Repost going ‘gangbusters’ 

SOPHIE PREECE 

A NEW Repost ‘hub’ in Spring Creek will enable more Marlborough grapegrowers to divert their broken vineyard posts from stockpiles and landfill, to instead be repurposed into low-cost fencing posts. 

Repost, which won the Wine Marlborough-sponsored wine industry award at the 2023 Cawthron Marlborough Environment Awards, and the innovation award at the 2023 Beef + Lamb New Zealand Awards, is going “gangbusters”, says co-owner Dansy Coppell. “I am so proud of where Repost is going and what we have achieved in such a short period of time.” The success of the company has been thanks to great timing, with wine companies concerned about waste streams and circularity, farmers dealing with fencing obligations, and councils working to reduce waste streams. 

Wooden vineyard posts are treated with copper chrome arsenate, so cannot be burned, With around 375,000 posts broken in Marlborough each year, that has traditionally meant unwanted stockpiles on vineyards or unwanted drop-offs at landfill, with just a small number of the waste posts diverted for reuse in gardens and on farms. 

In 2020 Dansy and her husband Greg, who are Saint Arnaud sheep and beef farmers, joined forces with Marlborough viticulturist Stu Dudley, to come up with a method of repurposing the posts for farm fencing. That meant a lot of hustling in the early days, convincing people to let the team come onto their vineyard and work through the posts in situ, says Dansy. “Now people say, ‘we really believe in what you are doing’”. 

Having wine industry heavy weights like Villa Maria and Yealands jump into the initiative in the early days made a huge difference, and they were eventually followed by myriad other companies keen to reduce their post stockpiles or avoid the landfill, she says.

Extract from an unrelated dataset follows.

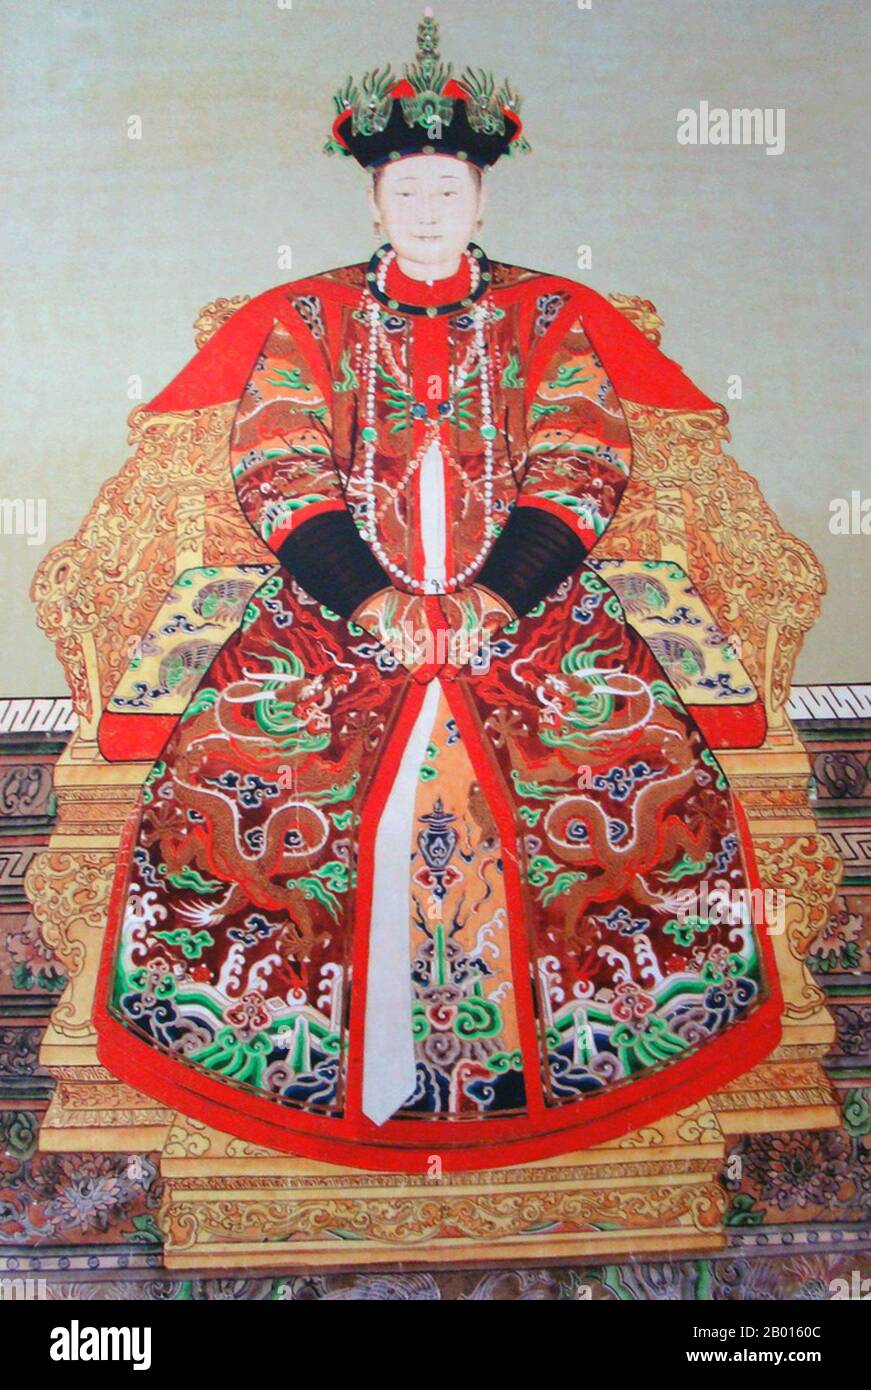 Cina: Imperatrice Xiao Hui Zhang (5 novembre 1641 - 7 gennaio 1718) secondo consorte dell'imperatore Shunzhi. Rotolo appeso pittura, fine 17 ° secolo. L'imperatrice Xiaohuizhang, nato Alatan Qiqige, era originariamente del clan Khorchin Mongol Borjigit. Quando la prima imperatrice di Shunzhi fu sradicata nel 1653, Xiaohuizhang fu promossa a Consort. Un anno dopo divenne ufficialmente il secondo imperatrice di Shunzhi. Quando l'imperatore Kangxi salì sul trono, fu onorata come imperatrice di Dowager Renxian, anche se non era la madre biologica del nuovo imperatore. Foto Stock

That means Repost is now fully booked up, with a backlog of post piles to get to. 

Having the new hub at Spring Creek, and a secondary site to be confirmed, means smaller operators, and those who cannot have the work done on their vineyard or winery site, can now drop the posts off, Dansy says. The hub supplies will help Repost meet the “exponential” growth in demand from farming customers since the Beef + Lamb Awards, she adds. “It’s been an exciting year of growth.” 

Farmers around the country are struggling with the fencing obligations in wetland and freshwater protection requirements, exacerbated for some by the devastating impact of Cyclone Gabrielle, which led Repost to expand into Hawke’s Bay last year. “A lot of them don’t have the budget and capacity to do the fencing,” Dansy says. “This product costs half the price, so for them it’s a no brainer.” 

Marlborough District Council Solid Waste Manager Mark Lucas also calls it a no brainer for wine companies, which pay Repost approximately 80% of the cost of landfill dumping. Repost is a better environmental choice, extending the life of the resource, but also extends the life of the landfill, because the posts take up so much space, he says. “We would like 100% of posts to be diverted elsewhere.”